Indonesian banks facing a bloodbath - Brief Article

Business Asia, Feb 11, 2000 by Will Dempster

It is crunch time for the Indonesian Government's expensive bank recapitalisation program.

Between now and March some of the 500 trillion rupiah (US$70 billion) in bonds the government issued to save embattled banks will hit the secondary market and there is every indication that it could be a financial bloodbath.

The government issued the bonds to recapitalise the banking sector but rather than trying to sell the bonds, it gave them to the banks in exchange for an equity stake.

This means that although the banks are recapitalised on paper, they do not have any cash with which to resume lending, which is the real key to both a banking sector and broader recovery.

Besides the modest income banks will receive in coupon payments on the bonds, banks have no other source of cash flow. So the plan is for them to sell the bonds.

The most obvious question is: Who is going to buy bonds?

Why would an investor buy the bonds of a government that owes US$84.1 billion in foreign debt, hundreds of trillions of rupiah in domestic debt and is about to deliver a budget with a deficit at 5 per cent of GDP which will have to be externally funded?

Given investors' likely reluctance to buy the bonds and given banks' desperate need to raise cash by selling the bonds, it is almost inconceivable that investors will pay full price for the bonds.

This will create several problems. Firstly, it means that banks' financial positions will not be as strong as they look on paper.

Presently, Bank Indonesia deems a bank healthy if its capital adequacy ratio (CAR) is 4 per cent or higher -- so just enough bonds were issued to lift banks' CARs to 4 per cent.

If banks sell the bonds for below face value then their CARs could slide.

Secondly, because the cash the banks raise through the bond sales will be less than the bonds' face value, the banks will have far less cash to lend than they had hoped for, thus slowing lending growth.

Finally, with so many bonds hitting the market, interest rates could rise.
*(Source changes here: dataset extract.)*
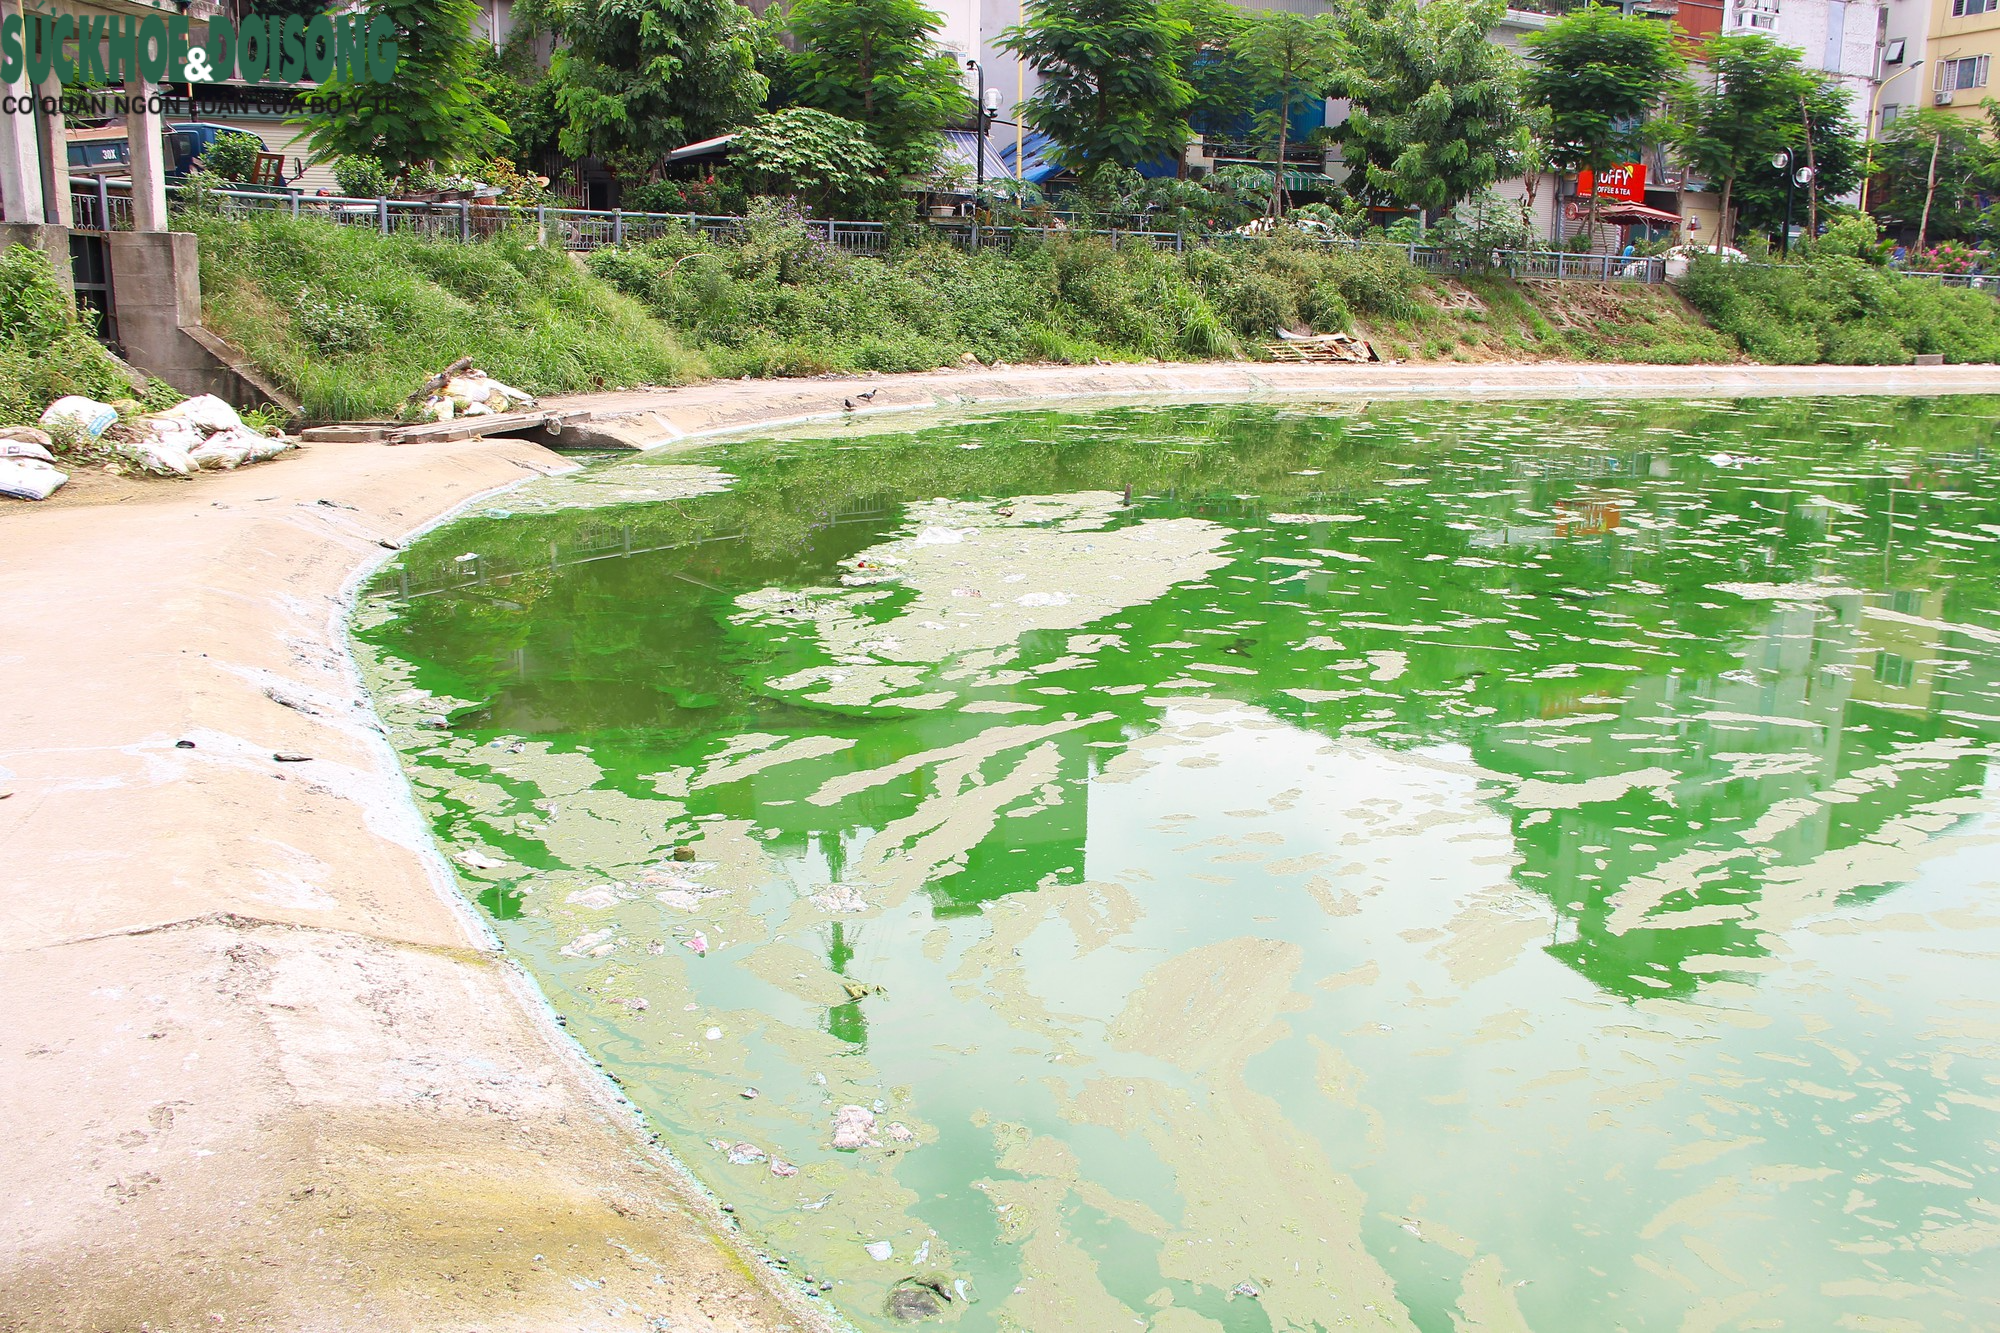 Hồ nước tại trung tâm Hà Nội ô nhiễm, mặt hồ nổi mảng bám, nước bốc mùi - Ảnh 6.

Bank Indonesia has worked hard to lower rates over the past 18 months and has managed to lower benchmark 1-month rates from 70 per cent to about 11 per cent.

But Bank Indonesia uses market mechanisms (a weekly auction) to set rates, so competition from bonds could cause rates to spike, thus making it even harder for banks to lend the cash they raise through the sale of bonds.

To be sure, not all of the 500 trillion rupiah of bonds will be for sale. In fact, Bank Indonesia estimates that about only 10 per cent will be sold.

In short, the scenario could easily look something like this: Banks sell bonds but for less than face value, thus reducing their financial health and placing constraints on their ability to lend.

As these bonds hit the market they drive up interest rates, further harming banks' lending prospects and casting a shadow over a broader recovery.

And as if things are not already bad enough for the government, by some estimates it may still have to issue as much as another 200 trillion rupiah to complete the recapitalisation.

With such challenges ahead, there is a very real chance the government is getting itself even further in debt for a program that at every turn looks more and more likely to fail.